Exercise data:

# # # # #

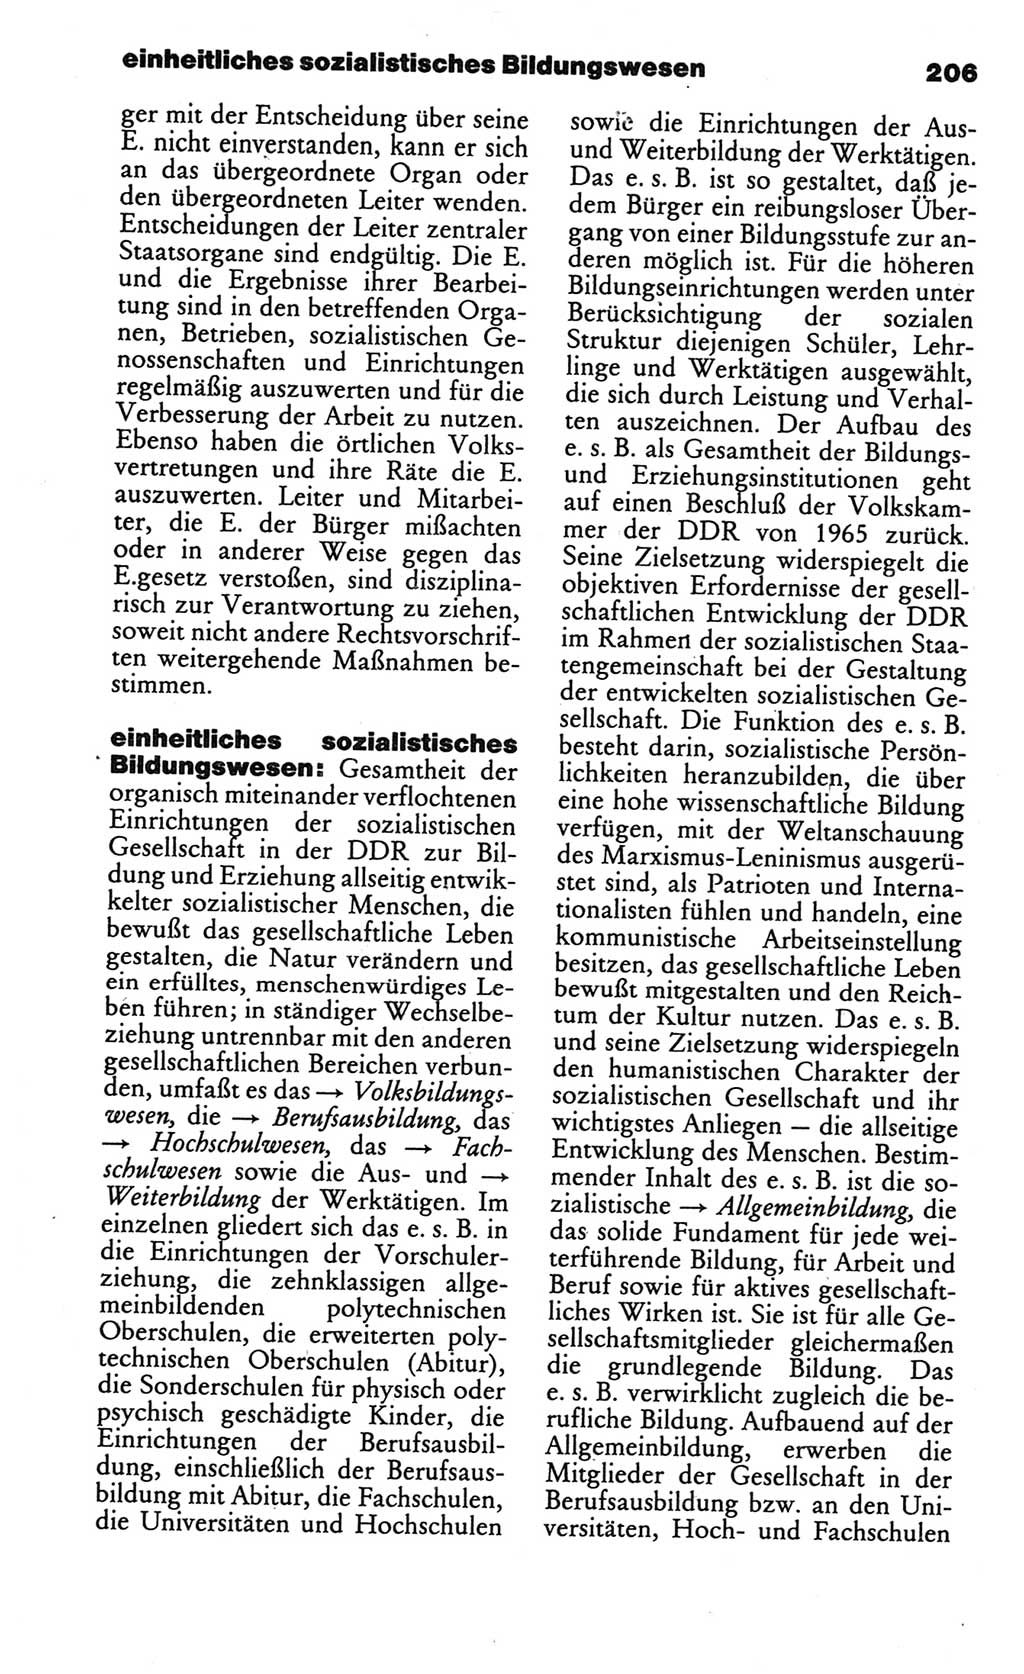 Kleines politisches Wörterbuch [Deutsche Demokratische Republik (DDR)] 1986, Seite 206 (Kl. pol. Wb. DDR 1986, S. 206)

# # # # #

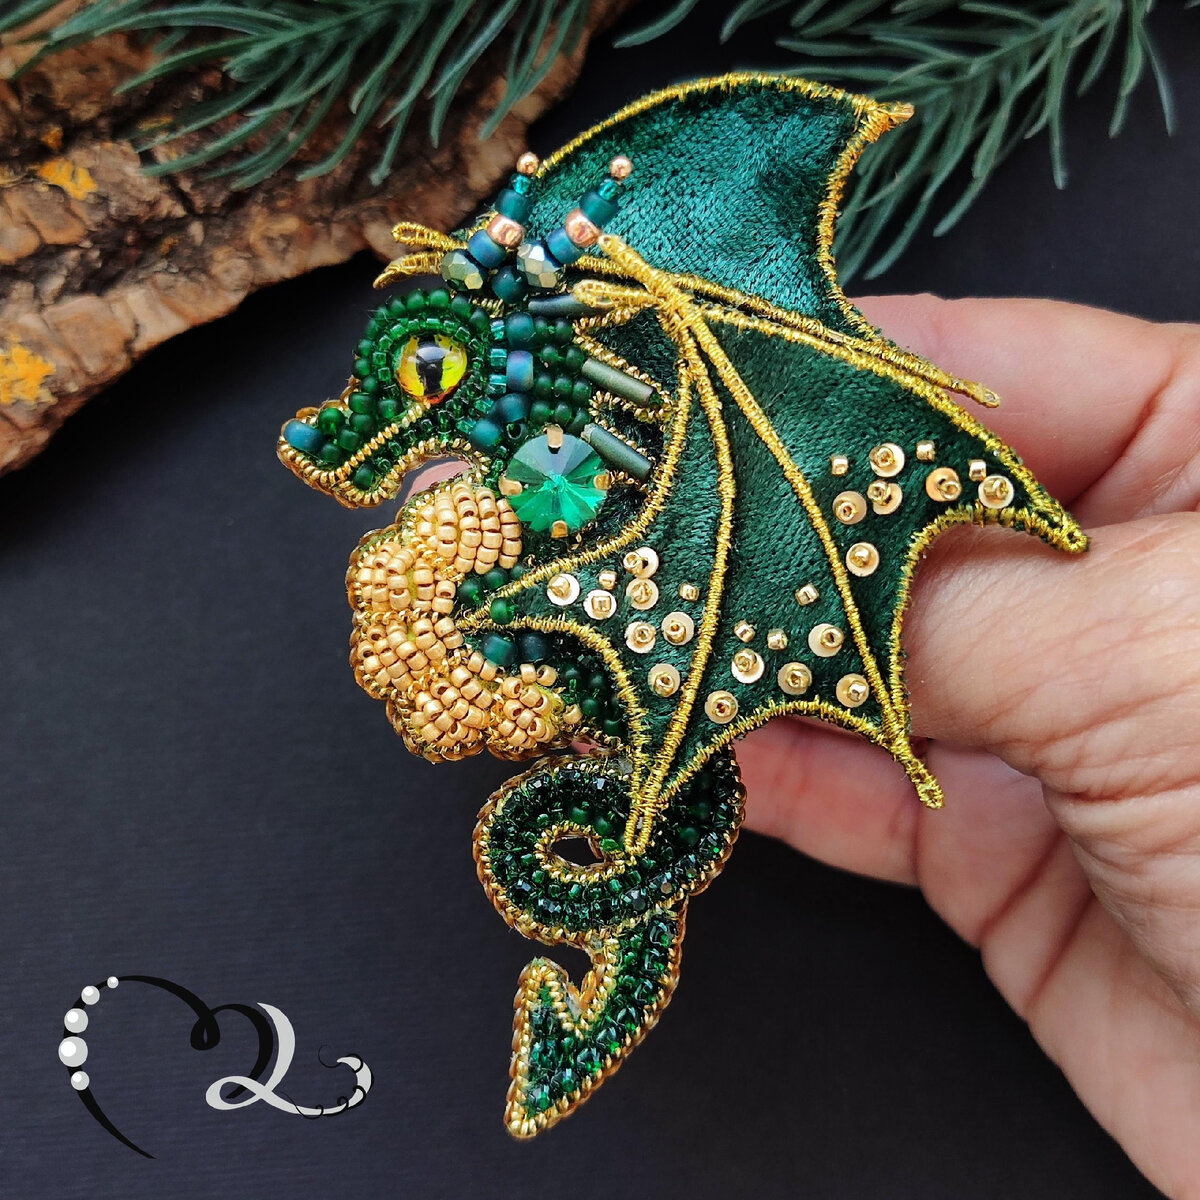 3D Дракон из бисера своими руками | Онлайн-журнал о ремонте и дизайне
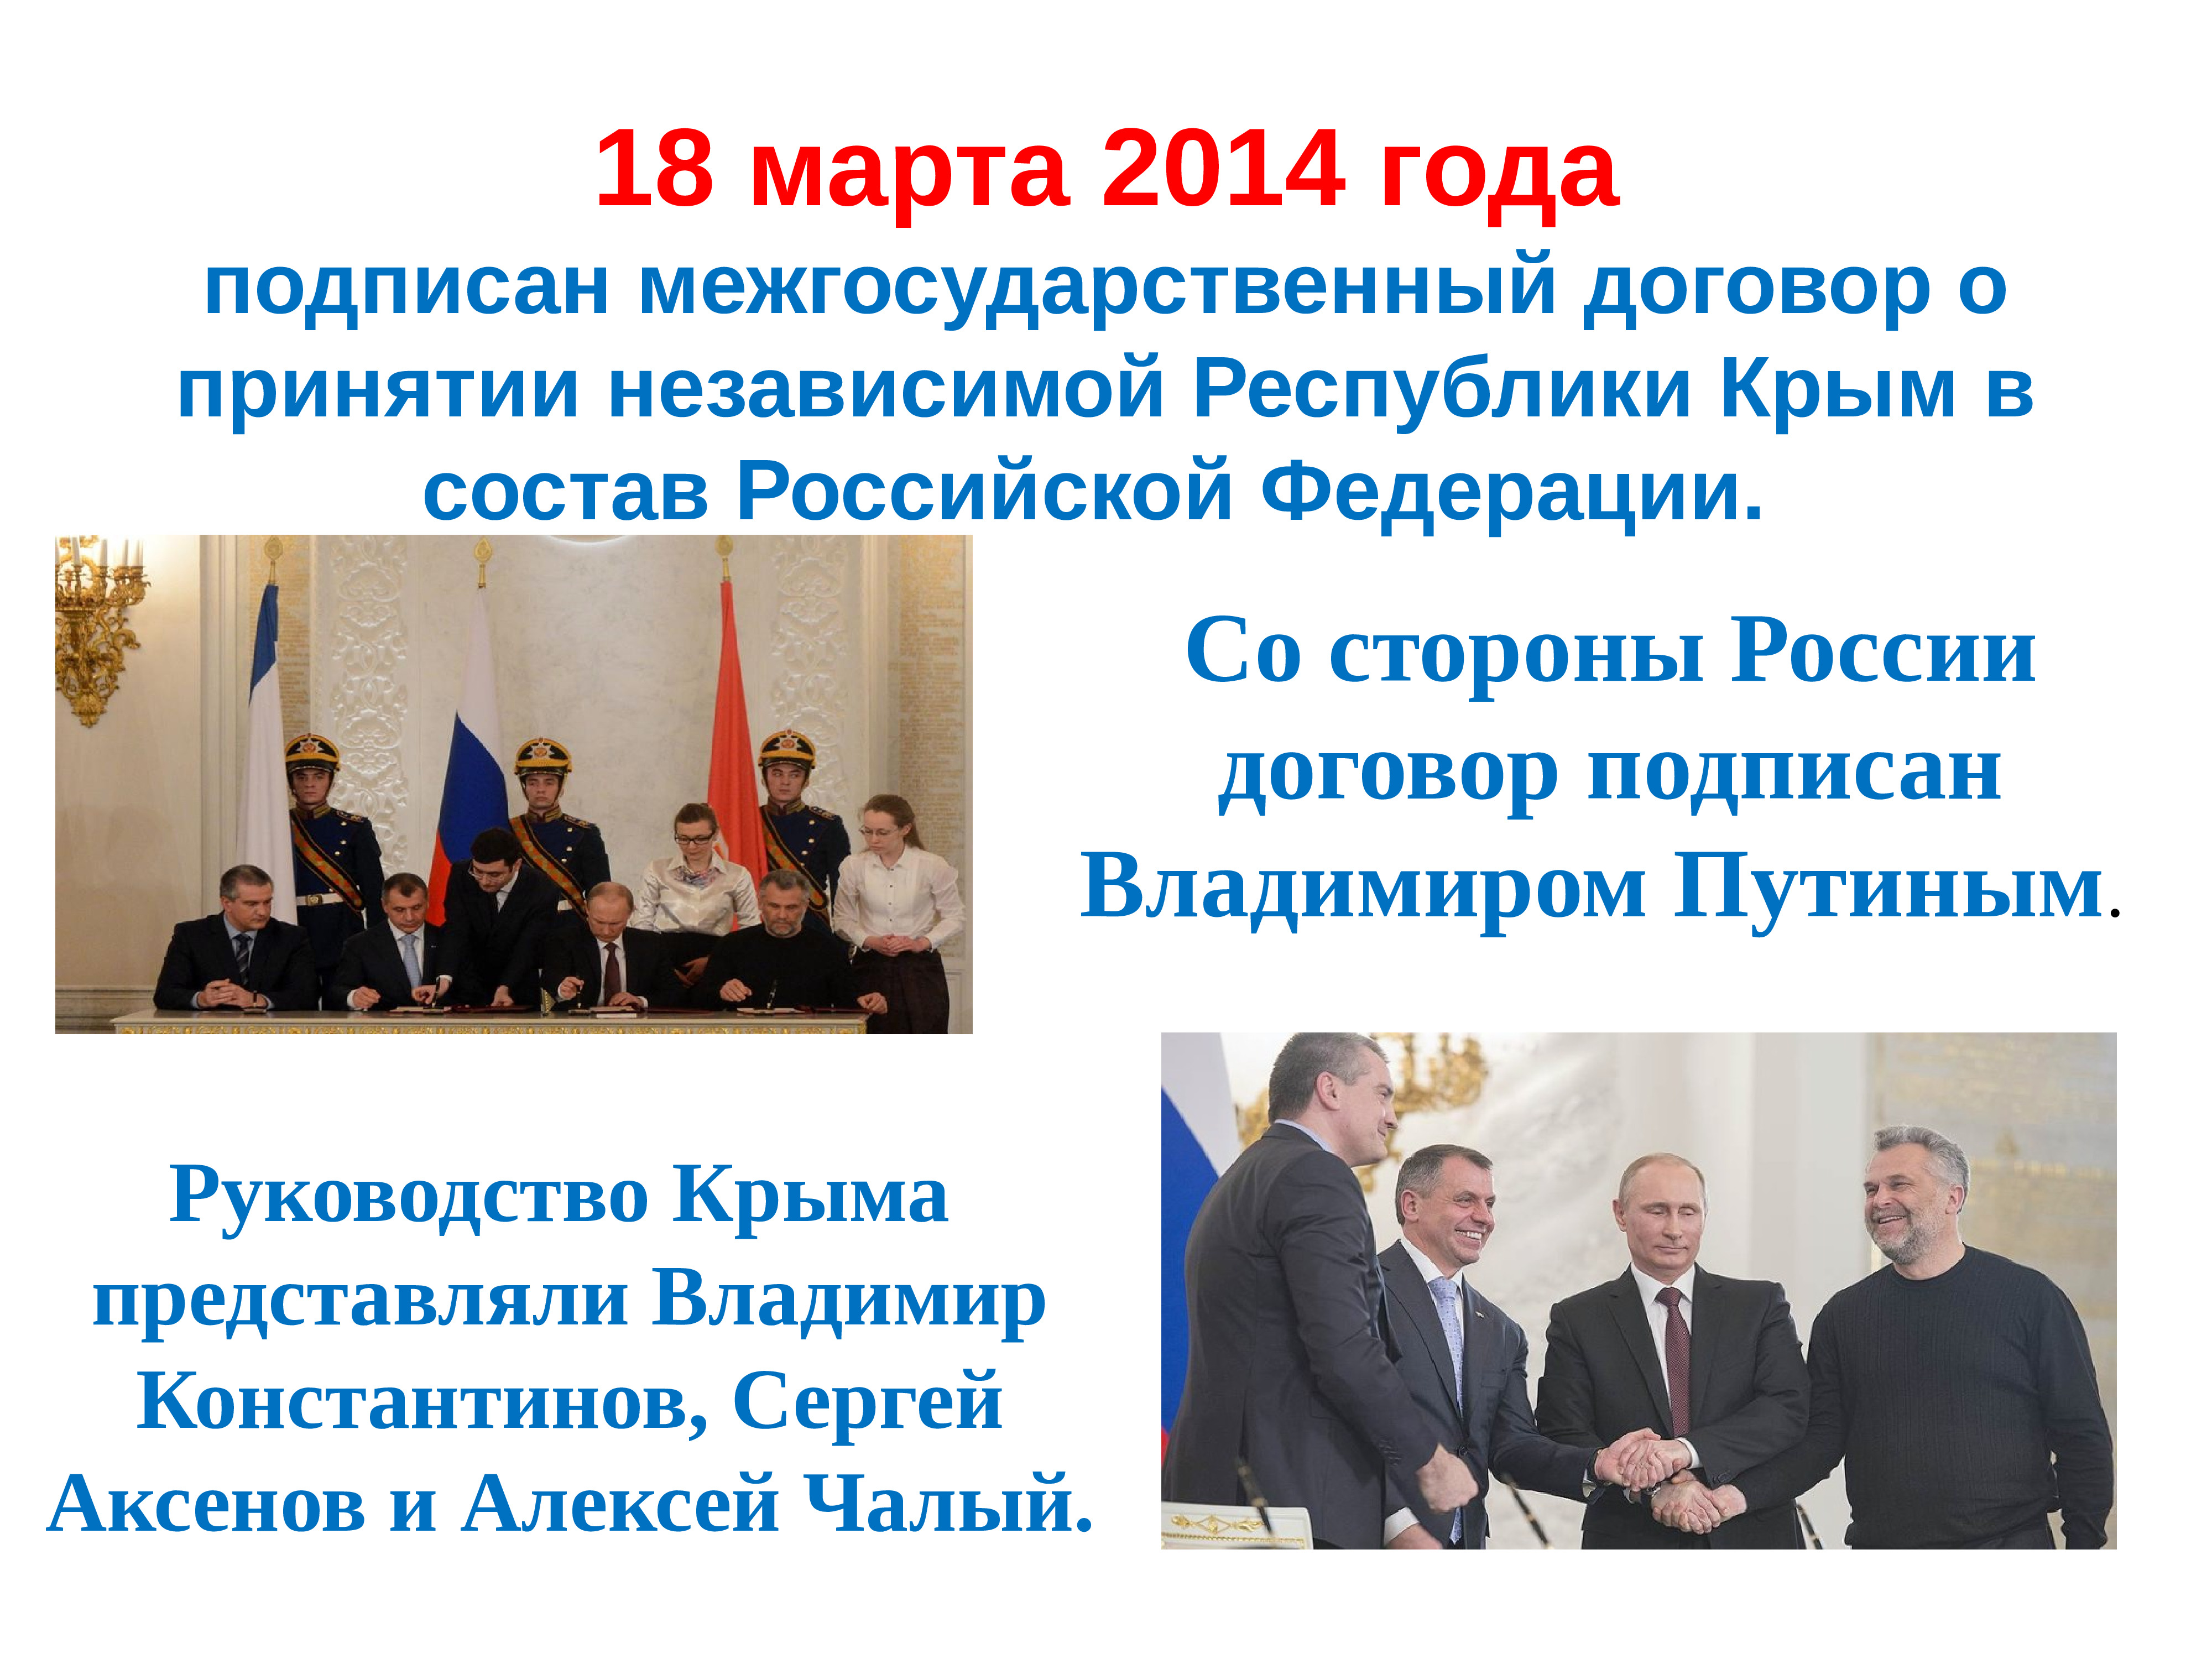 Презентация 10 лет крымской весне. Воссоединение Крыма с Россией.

# # # # #

Exercise goal: Could you transcribe exactly the entries above, but only the lines from the one with "3D Дракон из" through the one with "Презентация 10 лет", and without pictures?

Response:
 3D Дракон из бисера своими руками | Онлайн-журнал о ремонте и дизайне
 Презентация 10 лет крымской весне. Воссоединение Крыма с Россией.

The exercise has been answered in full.